The last few lines of the fragment shader can be used for some (slightly hackish but nevertheless insightful) debugging - it seems the intensity of the light is not being computed right per-fragment, though I have no idea why.
What's interesting is that this bug is only noticeable on (very) large quads like the floor in the images. It's not noticeable on small models.
Edit 2:
I've updated the shader code to a working version. It's all good now and I hope it helps any future user reading this, since as of today, I have yet to see any glsl tutorial that implements lights with absolutely no fixed functionality and secret implicit transforms (such as gl_LightSource[i].* and the implicit transformations to eye space).
My code is licensed under the BSD 2-clause license and can be found on GitHub!

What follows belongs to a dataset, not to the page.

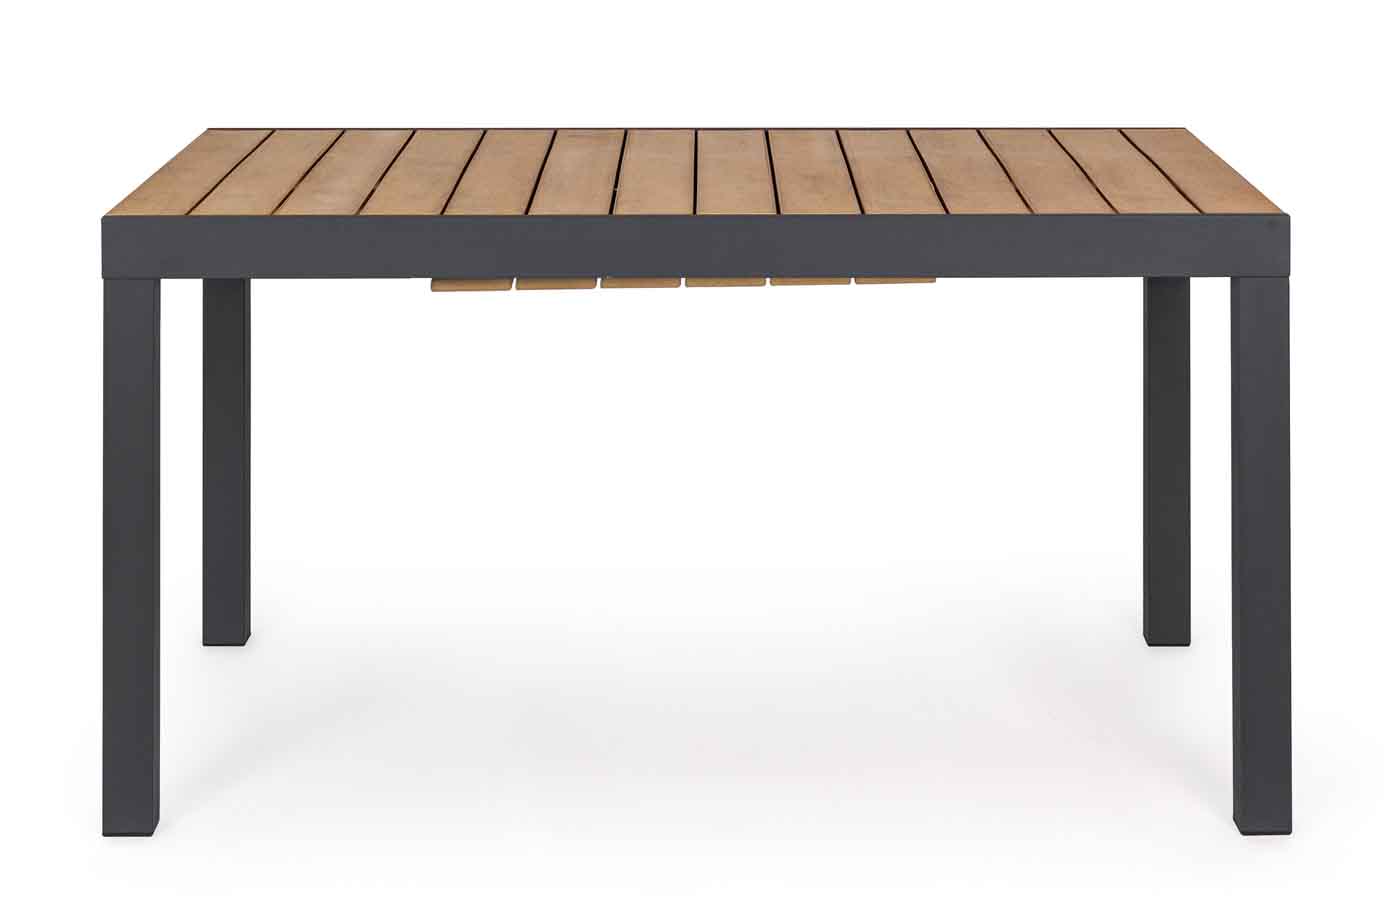 Gartentisch Elias mit einer Ausziefunktion, hergestellt aus Aluminium und Polywood
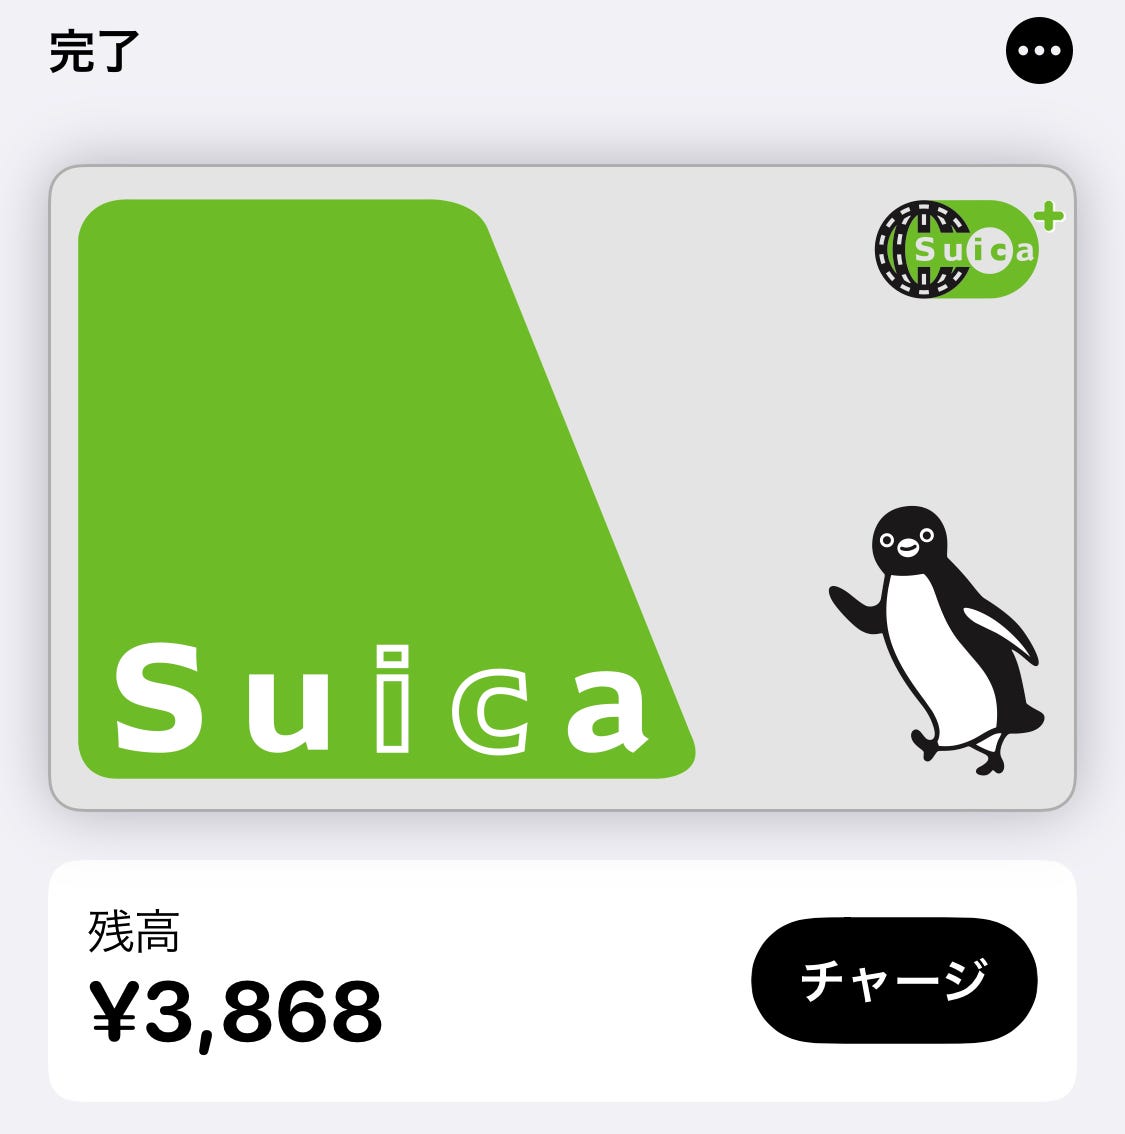 Iphone 11 Pro で Apple Pay で Suica を使い始めた By V Medium

I recently had a similar problem, where lighting worked somewhat wrong when using large polygons. The problem was normalizing the eye vector in vertex shader, as interpolating normalized values procudes incorrect results.
Change
vVaryingLightDir = normalize( tLightPos - vPosition3 );
to
vVaryingLightDir = tLightPos - vPosition3;
in your vertex shader. You can keep the normalization in the fragment shader.
Just because I noticed:
vec3 tLightPos = (vMatrix * vec4(vLightPosition, 1.0)).xyz;
you are simply eliminating the homogenous coordinate here, without dividing through it first. This will cause some problems.